Closes the connection. Connection object and its cursors are now unusable.

commit()

Commits pending transactions, if supported; otherwise, does nothing.

rollback()

Rolls back pending transactions (may not be available).

cursor()

Returns a cursor object for the connection.

The rollback method may not be available, because not all databases support transactions. (Transactions are just sequences of actions.) If it exists, it will “undo” any transactions that have not been committed.

The commit method is always available, but if the database doesn’t support transactions, it doesn’t actually do anything. If you close a connection and there are still transactions that have not been committed, they will implicitly be rolled back—but only if the database supports rollbacks! So if you don’t want to rely on this, you should always commit before you close your connection. If you commit, you probably don’t need to worry too much about closing your connection; it’s automatically closed when it’s garbage-collected. If you want to be on the safe side, though, a call to close won’t cost you that many keystrokes.

The cursor method leads us to another topic: cursor objects. You use cursors to execute SQL queries and to examine the results. Cursors support more methods than connections and probably will be quite a bit more prominent in your programs. Table 13-5 gives an overview of the cursor methods, and Table 13-6 gives an overview of the attributes.

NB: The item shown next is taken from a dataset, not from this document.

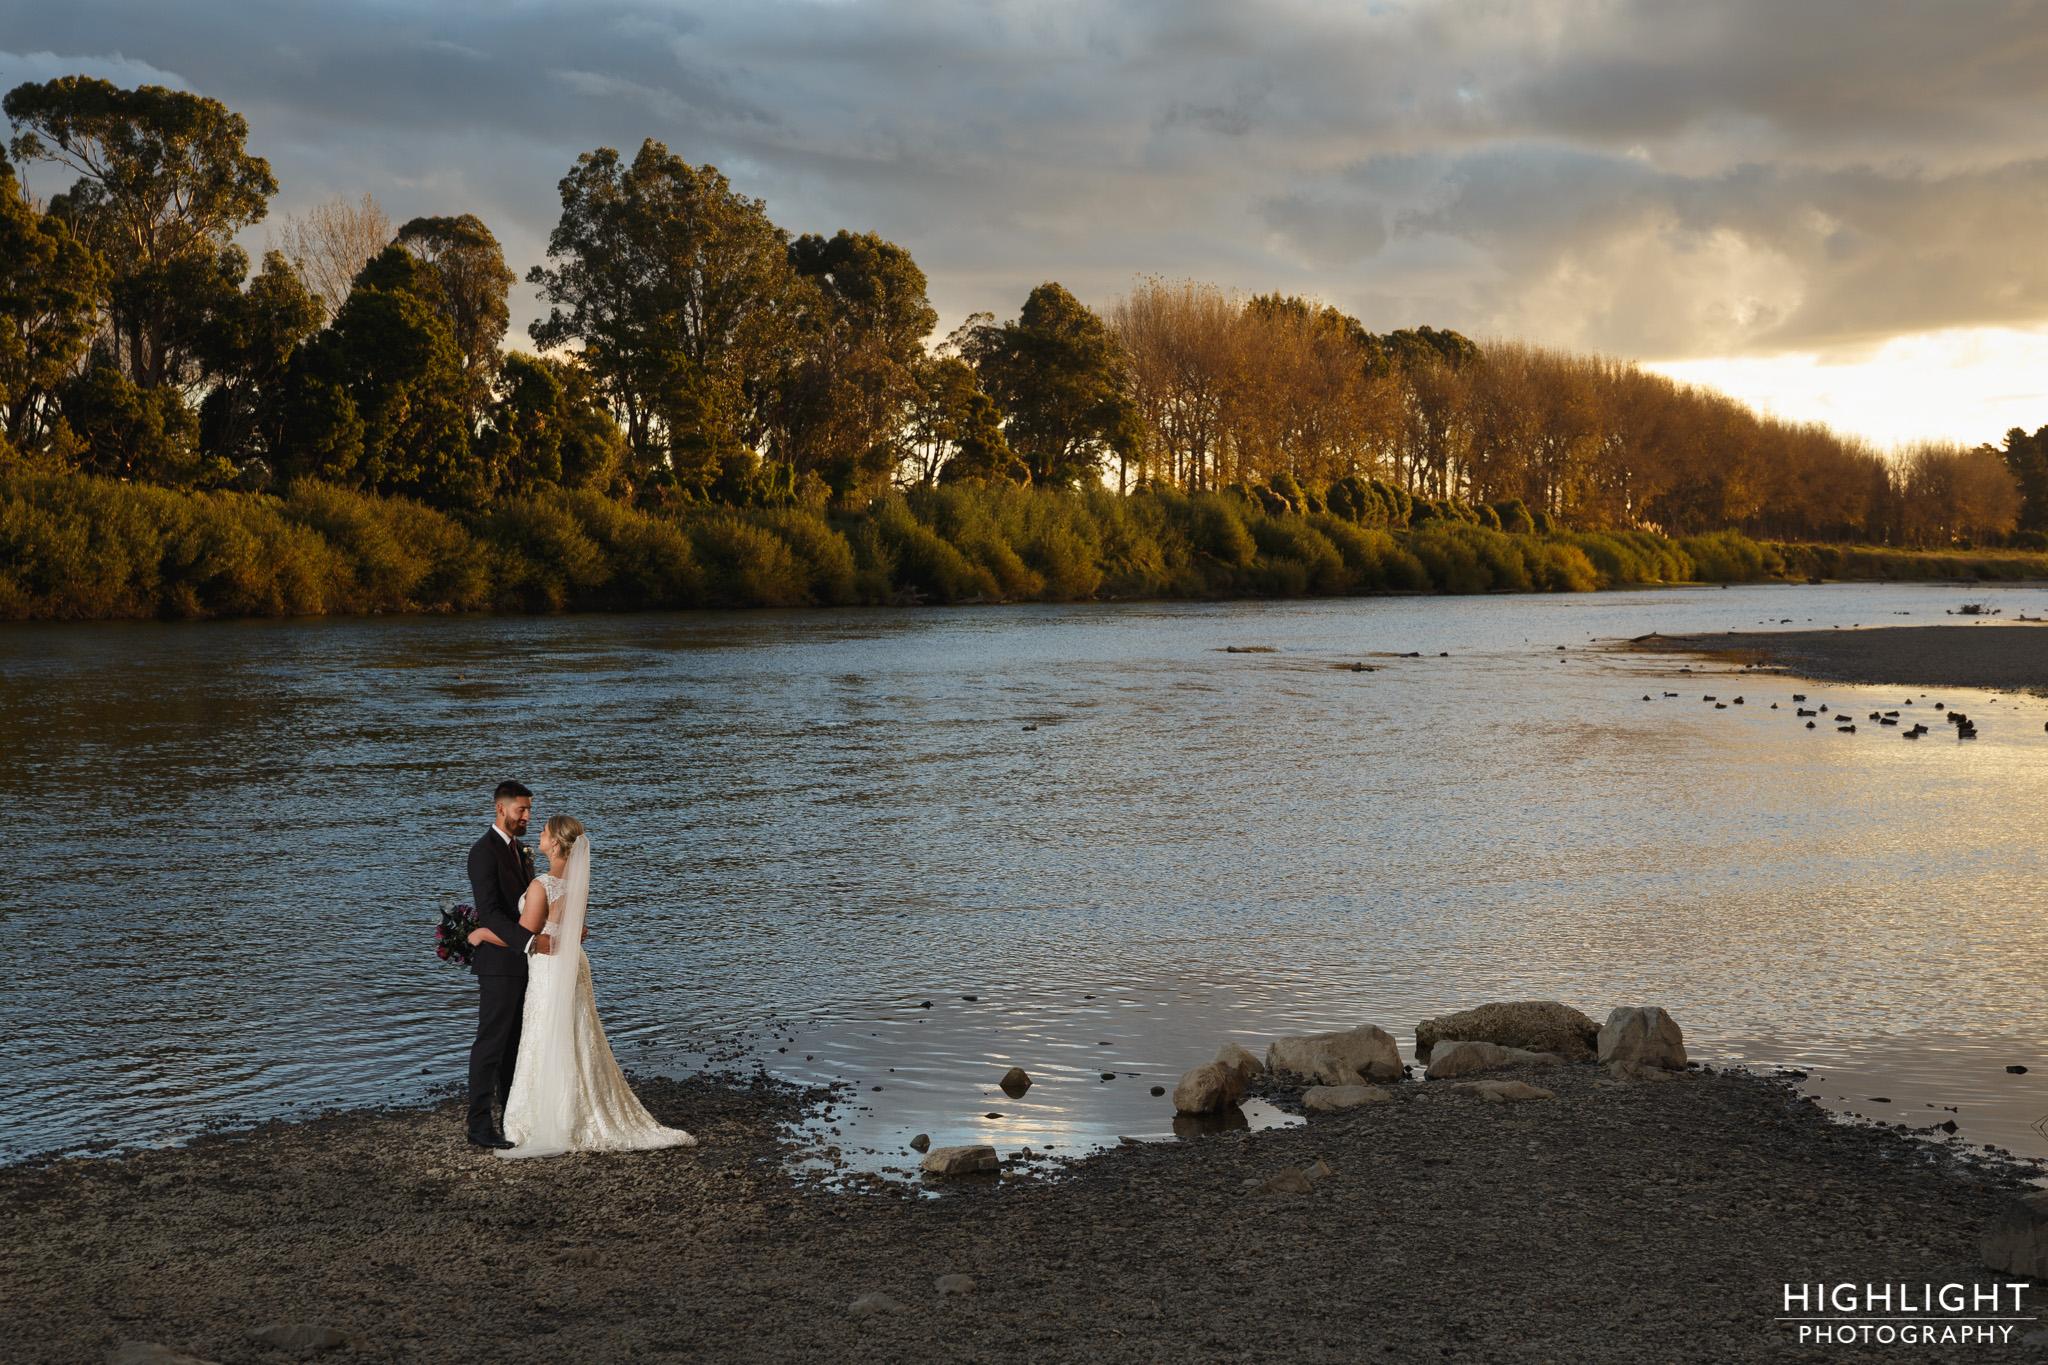 highlight-wedding-photography-feilding-new-zealand-156.jpg

Table 13-5. Cursor Object Methods

Name

Description

callproc(name[, params])

Calls a named database procedure with given name and parameters (optional).

close()

Closes the cursor. Cursor is now unusable.

execute(oper[, params])

Executes a SQL operation, possibly with parameters.

executemany(oper, pseq)

Executes a SQL operation for each parameter set in a sequence.

fetchone()

Fetches the next row of a query result set as a sequence, or None.

fetchmany([size])

Fetches several rows of a query result set. Default size is arraysize.

fetchall()

Fetches all (remaining) rows as a sequence of sequences.

nextset()

Skips to the next available result set (optional).

setinputsizes(sizes)

Used to predefine memory areas for parameters.

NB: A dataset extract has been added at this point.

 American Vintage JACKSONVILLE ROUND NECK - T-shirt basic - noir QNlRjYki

setoutputsize(size[, col])

Sets a buffer size for fetching big data values.

Table 13-6. Cursor Object Attributes

Name

Description

description

Sequence of result column descriptions. Read-only.

rowcount

The number of rows in the result. Read-only.

arraysize

How many rows to return in fetchmany. Default is 1.

Some of these methods will be explained in more detail in the upcoming text, while some (such as setinputsizes and setoutputsizes) will not be discussed. Consult the PEP for more details.

Types

In order to interoperate properly with the underlying SQL databases, which may place various requirements on the values inserted into columns of certain types, the DB API defines certain constructors and constants (singletons) used for special types and values. For example, if you want to add a date to a database, it should be constructed with (for example) the Date constructor of the corresponding database connectivity module. That allows the connectivity module to perform any necessary transformations behind the scenes. Each module is required to implement the constructors and special values shown in Table 13-7. Some modules may not be entirely compliant. For example, the sqlite3 module (discussed next) does not export the special values (STRING through ROWID) in Table 13-7.

Table 13-7. DB API Constructors and Special Values

Name

Description

Date(year, month, day)

Creates an object holding a date value

Time(hour, minute, second)

Creates an object holding a time value

Timestamp(y, mon, d, h, min, s)

Creates an object holding a timestamp value

DateFromTicks(ticks)

Creates an object holding a date value from ticks since epoch

TimeFromTicks(ticks)

Creates an object holding a time value from ticks

TimestampFromTicks(ticks)

Creates an object holding a timestamp value from ticks

Binary(string)

Creates an object holding a binary string value

STRING

Describes string-based column types (such as CHAR)

BINARY

Describes binary columns (such as LONG or RAW)

NUMBER

Describes numeric columns

DATETIME

Describes date/time columns

ROWID

Describes row ID columns

SQLite and PySQLite

As mentioned previously, many SQL database engines are available, with corresponding Python modules. Most of these database engines are meant to be run as server programs and require administrator privileges even to install them. In order to lower the threshold for playing around with the Python DB API, I’ve chosen to use a tiny database engine called SQLite , which doesn’t need to be run as a stand-alone server and which can work directly on local files, instead of with some centralized database storage mechanism.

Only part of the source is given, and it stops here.